# TDT4305 Project 1 - RDD Tasks

In [1]:
from datetime import datetime
from base64 import b64decode

## Loading data files

In [2]:
reviews = sc.textFile('../data/yelp_top_reviewers_with_reviews.csv') \
    .zipWithIndex() \
    .filter(lambda x: x[1] > 0) \
    .map(lambda x: x[0].replace('"', '').split('\t'))
# "review_id","user_id","business_id","review_text","review_date"

In [3]:
businesses = sc.textFile('../data/yelp_businesses.csv') \
    .zipWithIndex() \
    .filter(lambda x: x[1] > 0) \
    .map(lambda x: x[0].replace('"', '').split('\t'))
# "business_id","name","address","city","state","postal_code",
# "latitude","longitude","stars","review_count","categories"

In [4]:
friendships = sc.textFile('../data/yelp_top_users_friendship_graph.csv') \
    .zipWithIndex() \
    .filter(lambda x: x[1] > 0) \
    .map(lambda x: x[0].replace('"', '').split(','))
# "src_user_id","dst_user_id"

## Task 1

### Counting number of rows

In [26]:
review_count = reviews.count()
business_count = businesses.count()
friendship_count = friendships.count()

In [27]:
review_count

883737

In [28]:
business_count

192609

In [29]:
friendship_count

1938472

In [None]:
with open('solutions/task1.csv', 'w') as f:
    f.write(f'review_count, business_count, friendship_count\n{review_count}, {business_count}, {friendship_count}')

## Task 2

### a) Finding number of distinct users

In [None]:
f_users = friendships.map(lambda row: row[0])
r_users = reviews.map(lambda row: row[1])
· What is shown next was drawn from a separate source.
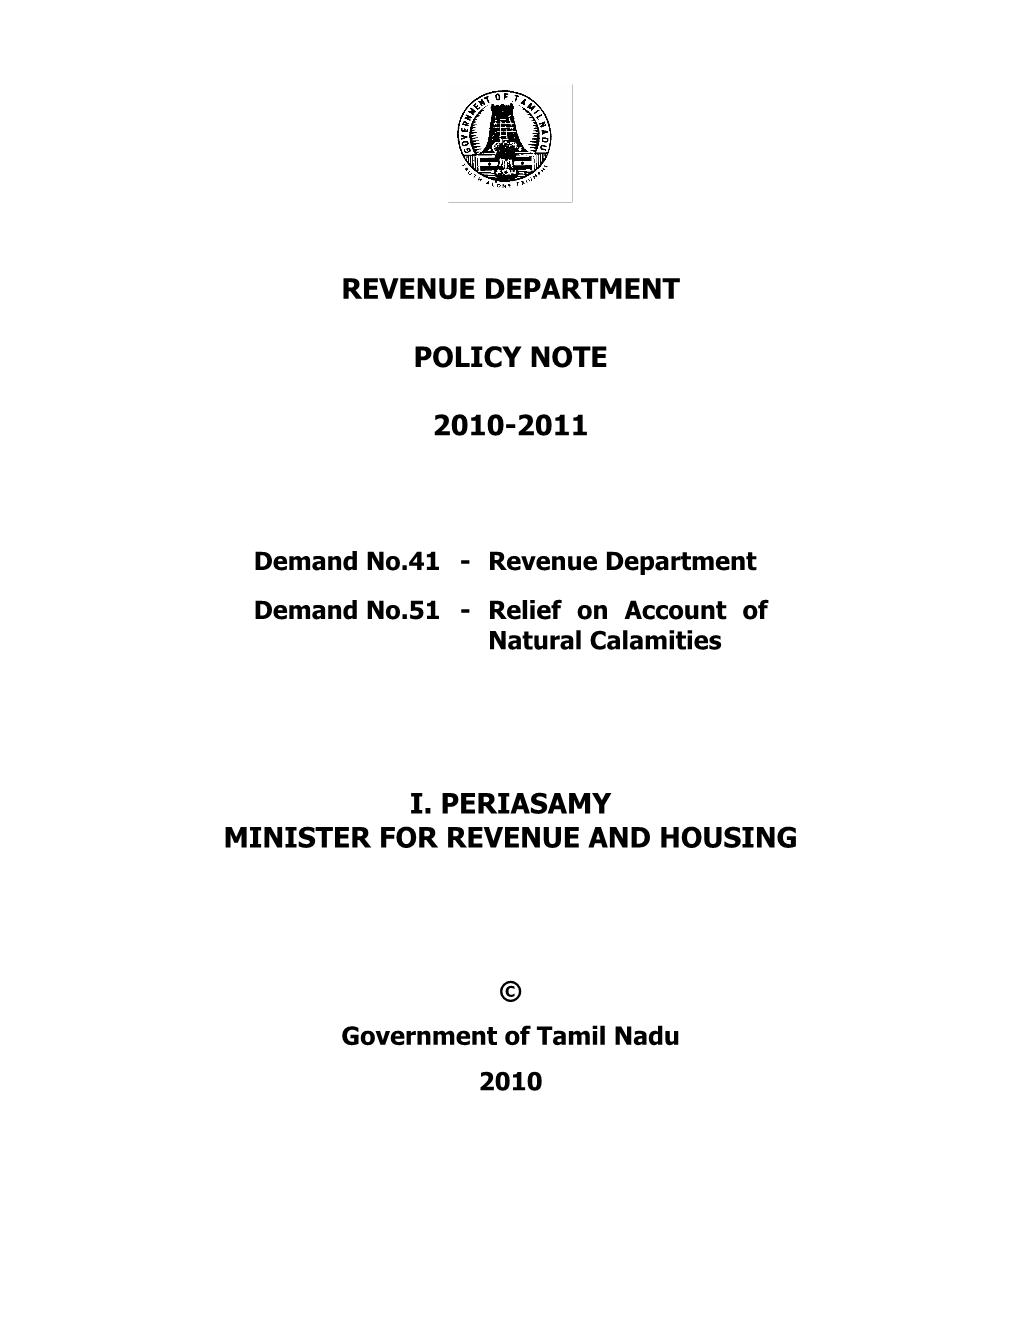 Revenue Department Policy Note 2010-2011 I. Periasamy

all_users = sc.union([f_users, r_users])
distinct_users = all_users.distinct().count()

In [None]:
with open('solutions/task2a.csv', 'w') as f:
    f.write(str(distinct_users))

### b) Average numbers of characters in a review

In [6]:
avg_characters_in_review = reviews.map(lambda row: len(b64decode(row[3]).decode('utf8'))).mean()

In [7]:
avg_characters_in_review

856.8332433744425

In [8]:
with open('solutions/task2b.csv', 'w') as f:
    f.write(str(avg_characters_in_review))

### c) Top 10 businesses by amount of reviews

In [None]:
top_businesses_by_review = reviews.map(lambda row: (row[2], 1)).reduceByKey(lambda x, y: x + y) \
    .sortBy(lambda row: row[1], ascending=False) \
    .map(lambda row: row[0])

In [None]:
top_businesses_by_review.take(10)

In [None]:
top_businesses_by_review.zipWithIndex().filter(lambda row: row[1] < 10).map(lambda row: row[0]) \
    .coalesce(1).saveAsTextFile('solutions/raw/task2c')

### d) Reviews per year

In [None]:
reviews_per_year = reviews.map(lambda row: (datetime.fromtimestamp(float(row[4])).year, 1)) \
    .reduceByKey(lambda x, y: x + y) \
    .sortBy(lambda x: x[0])

In [None]:
reviews_per_year.collect()

In [None]:
reviews_per_year.map(lambda row: ','.join(str(d) for d in row)).coalesce(1).saveAsTextFile('solutions/raw/task2d')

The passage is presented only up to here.